Continuing with the example,

 $ cd  /disk2/data/tmnguyen/socketudp
 $ tar jcvf /disk2/bck.tmnguyen.socketudp.v0.2020part1.tbz data*Jan*2020
 $ tar jcvf /disk2/bck.tmnguyen.socketudp.v0.2020part2.tbz data*Feb0*2020
 $ tar jcvf /disk2/bck.tmnguyen.socketudp.v0.2020part3.tbz data*Feb1*2020

Copy the files to a mu2egpvm machine

  ssh mu2egpvm01.fnal.gov
  $ mkdir /mu2e/data/users/tmnguyen
  $ cd  /mu2e/data/users/tmnguyen
  $ scp -p mu2etest.fnal.gov:/disk2/bck.\*.tbz .

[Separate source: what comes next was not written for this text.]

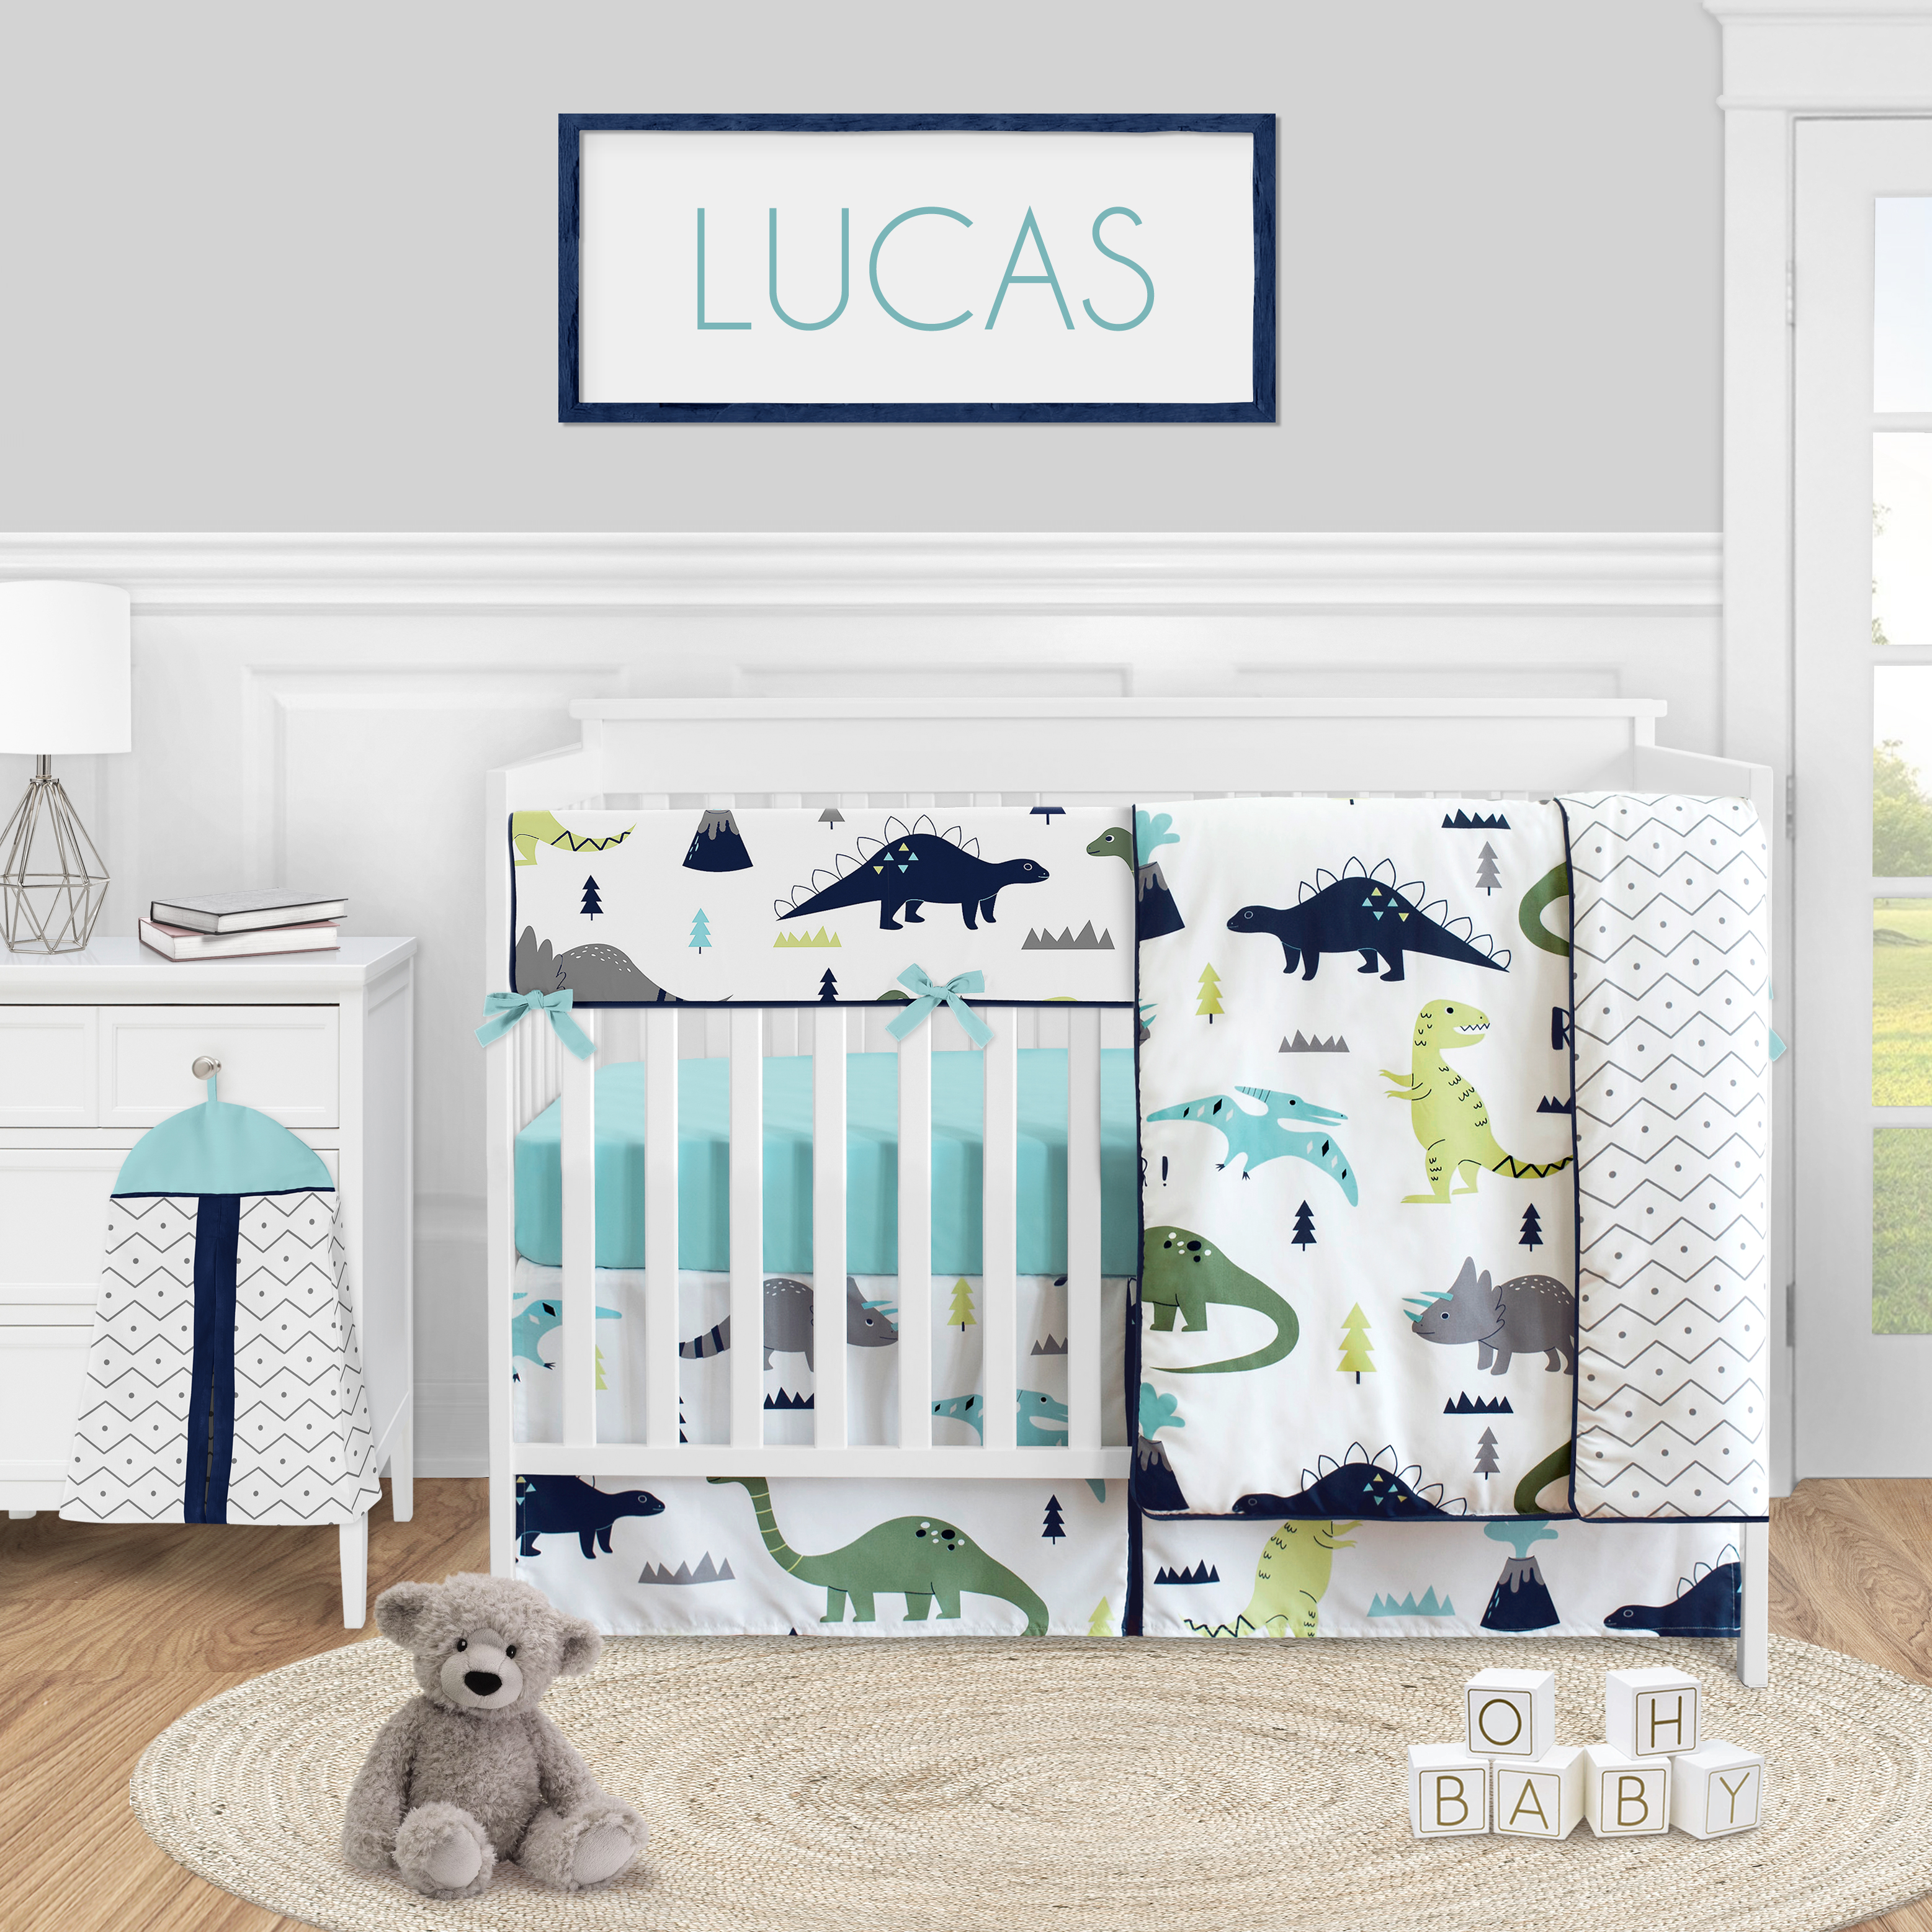 Sweet Jojo Designs Toddler Child Animal Print Microfiber Woven Bedding Sets Crib 5 Pieces Walmart Com

(and remove them from mu2etest)

Tape upload

This step is best done using VNC or a terminal server like "screen" or "tmux", because the command will probably take more than a day to complete. A terminal server will prevent the command from being killed if ssh session disconnects for any reason.

  ssh mu2egpvm01.fnal.gov
  $ screen
  $ mu2einit
  $ setup mu2efiletools
  $ kx509
  $ cd /mu2e/data/users/tmnguyen
  $ mu2eFileMoveToTape bck.*.tbz

Another way to ensure that the command will complete is to run it under nohup. A complication here is the buffering of the nohup.out file.

Check

Check the next day whether the process is complete. You can start a new ssh shell and re-connect to the existing "screen" session:

  ssh mu2egpvm01.fnal.gov
  $ screen -d -r

If everything worked fine you'll see the source files given to the mu2eFileMoveToTape command deleted. If they are still there and you are SURE that the original mu2eFileMoveToTape process is not running any more (on any mu2egpvm node!), you can re-run the same mu2eFileMoveToTape command again, until the upload succeeds.